7. The apparatus according to claim 6, characterized in that, The device further includes: The second similarity calculation unit is used to calculate the texture similarity between the first image information of the first paired object and the first image information of the other paired objects based on the texture data corresponding to the first image information of the first paired object and the texture data corresponding to the first image information of the other paired objects; Weighting coefficients are set for the texture similarity of at least two images of the objects to be paired, and the comprehensive texture feature similarity between the first image information of the first paired object and the first image information of the other objects to be paired is calculated by weighting. The third similarity calculation unit is used to calculate the size similarity between the first image information of the first paired object and the first image information of the other paired objects based on the size data corresponding to the first image information of the first paired object and the size data corresponding to the first image information of the other paired objects. Weighting coefficients are set for the size similarity of at least two images of the objects to be paired, and the comprehensive size feature similarity between the first image information of the first paired object and the first image information of the other objects to be paired is calculated by weighting. The fourth similarity calculation unit is used to set weight coefficients for the comprehensive contour feature similarity, comprehensive texture feature similarity, and comprehensive size feature similarity, and to calculate the comprehensive feature similarity between the first image information of the first paired object and the first image information of the other objects to be paired.

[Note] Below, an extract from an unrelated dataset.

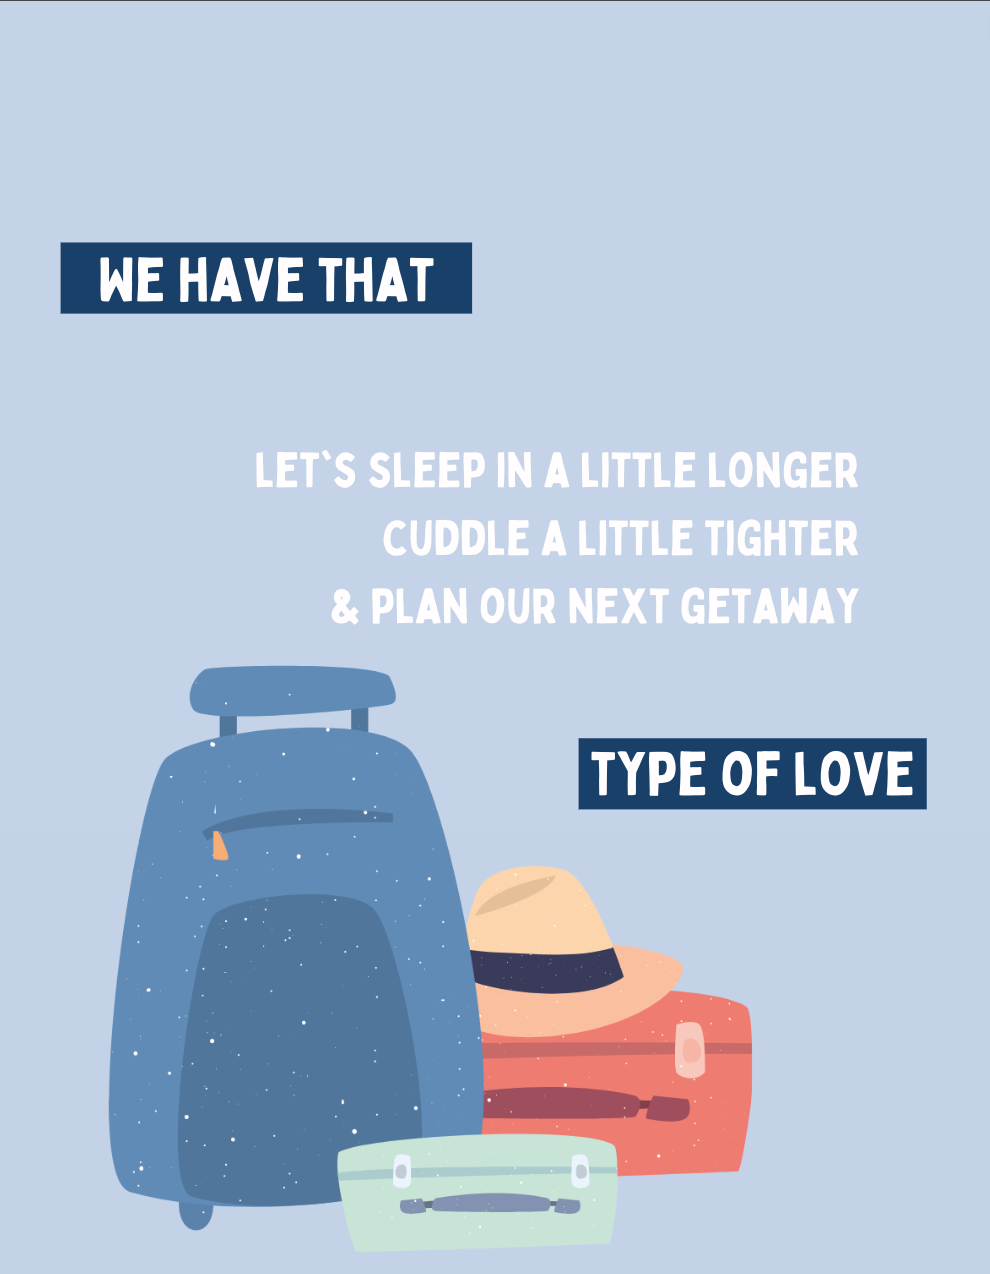 We Have That Plan Our Next Getaway Type of Love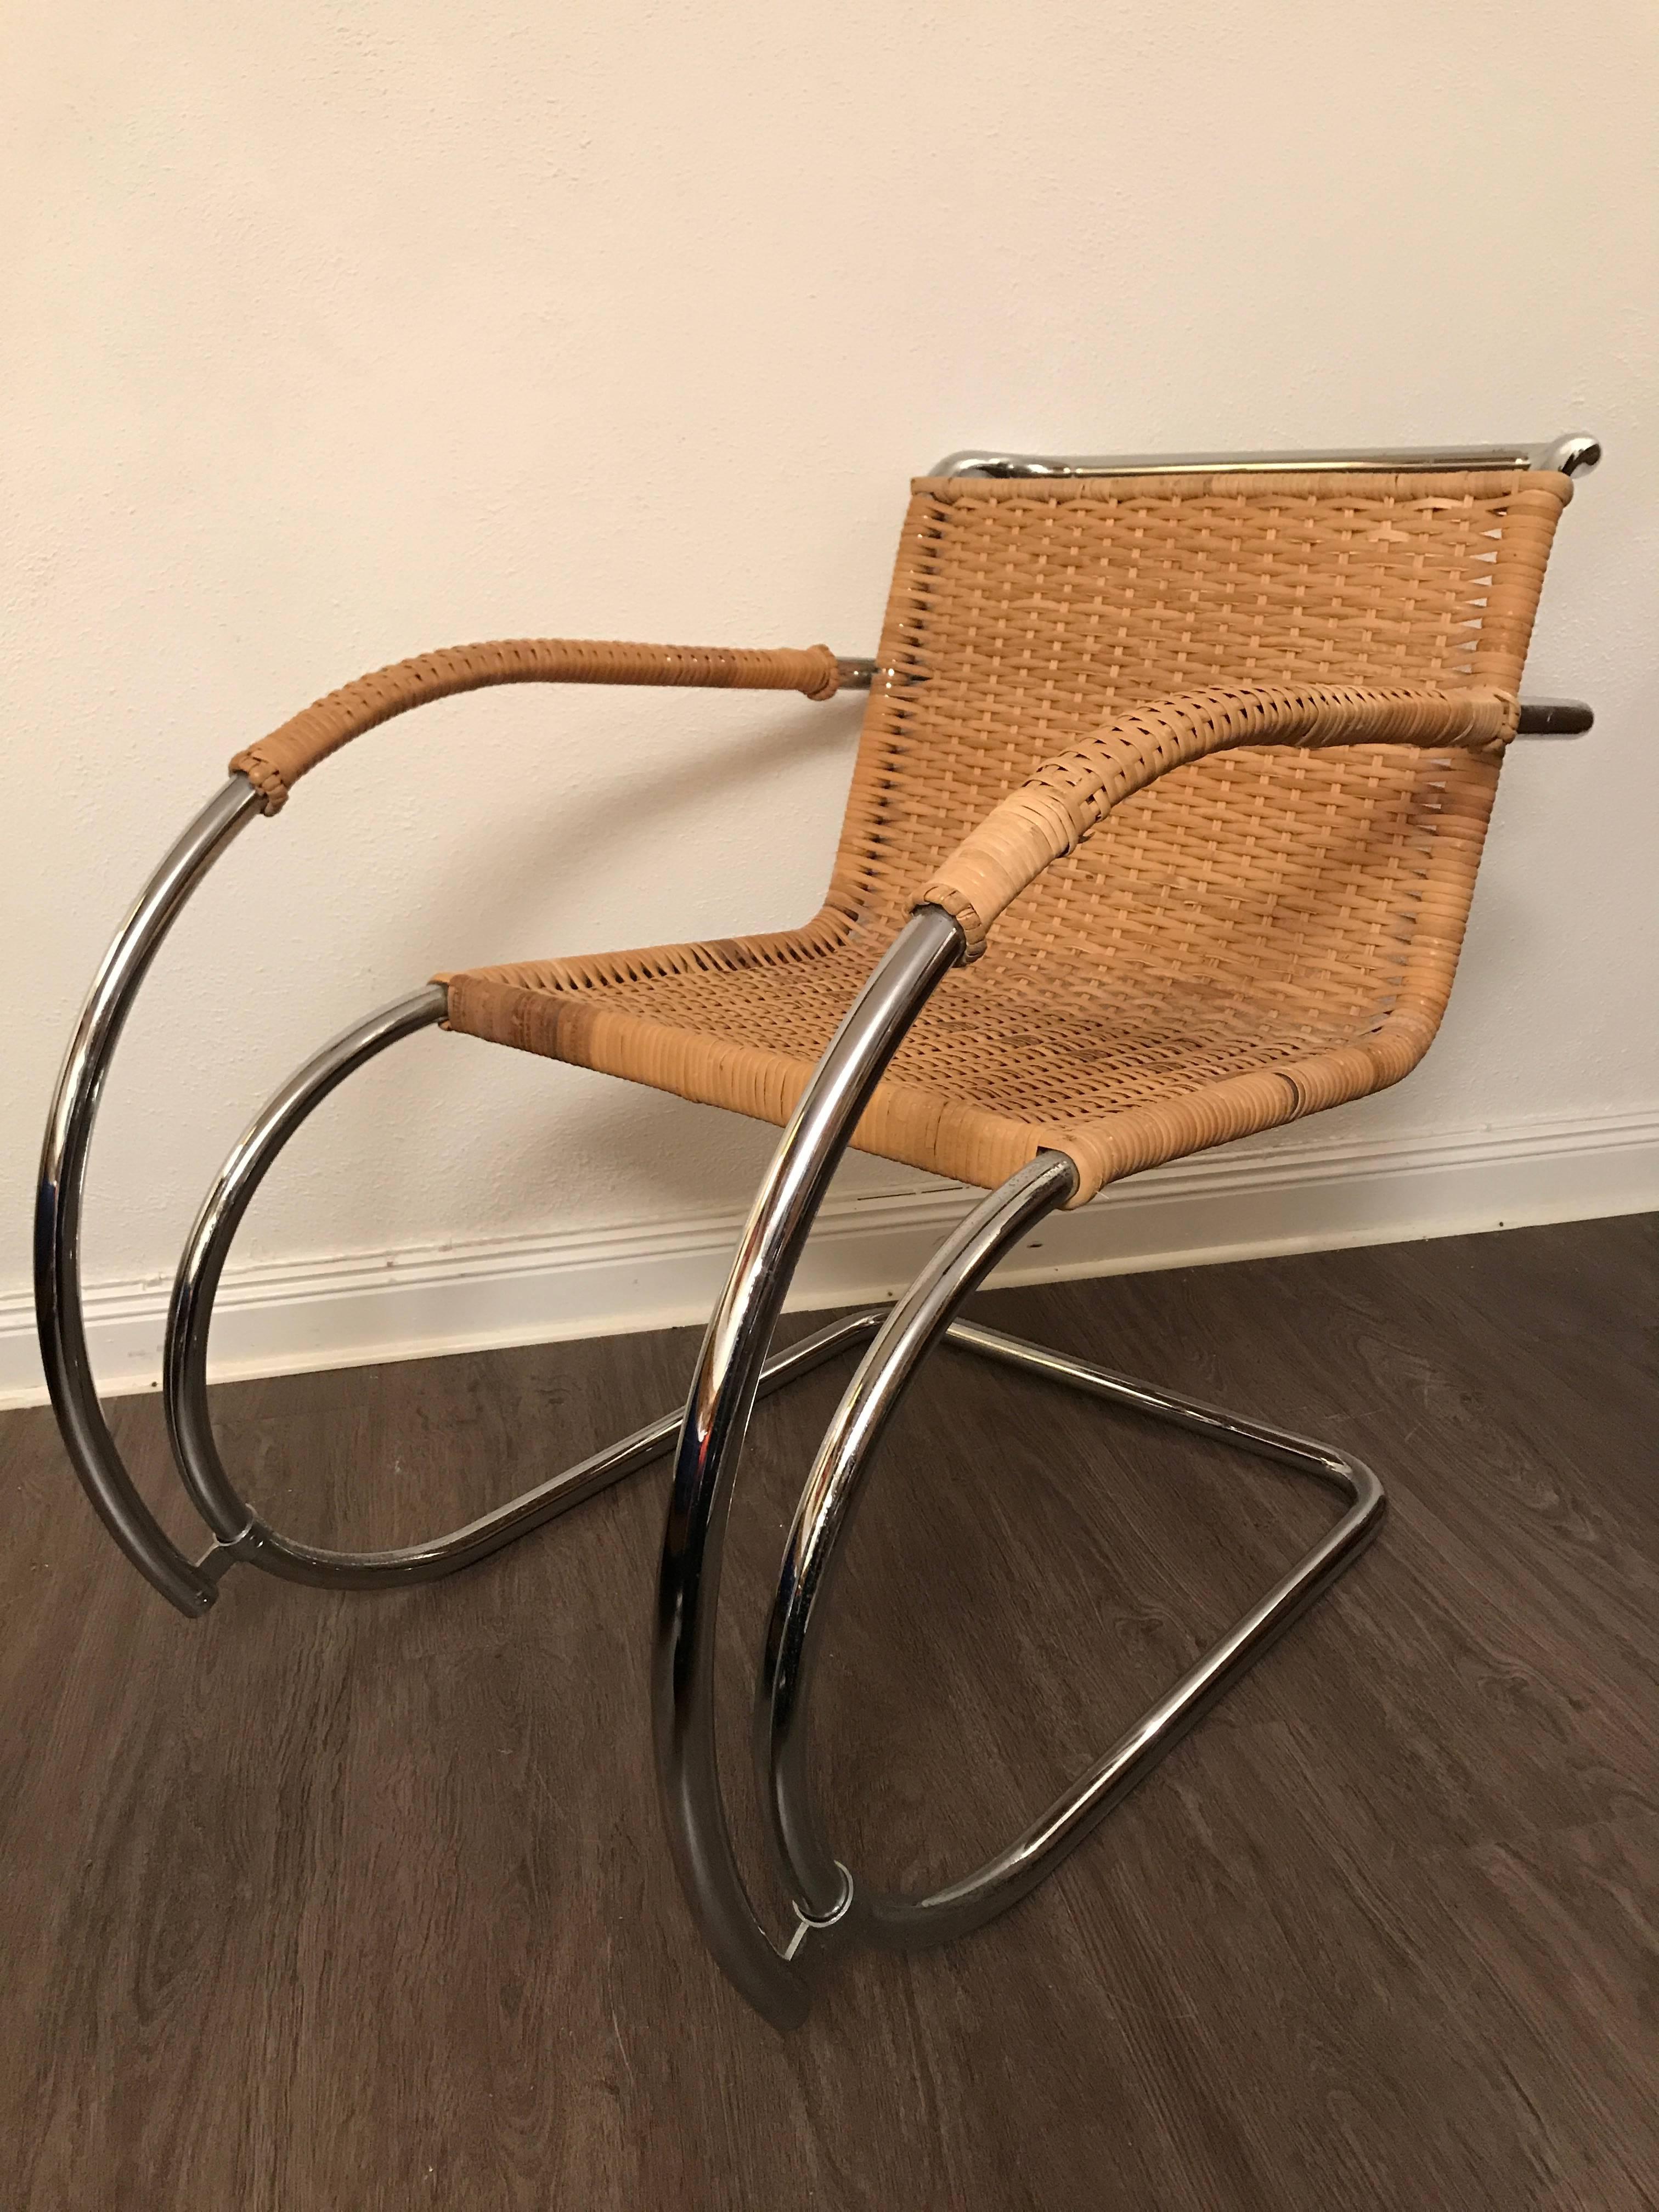 Pair of Mid-20th Century Ludwig Mies van der Rohe MR20 Rattan Chrome Armchairs 3

8. An electronic device, characterized in that, include: At least one processor; as well as A memory communicatively connected to the at least one processor; wherein, The memory stores instructions that can be executed by the at least one processor to enable the at least one processor to perform the method of any one of claims 1-5.
9. A non-transitory computer-readable storage medium storing computer instructions, characterized in that, The computer instructions are used to perform the method according to any one of claims 1-5.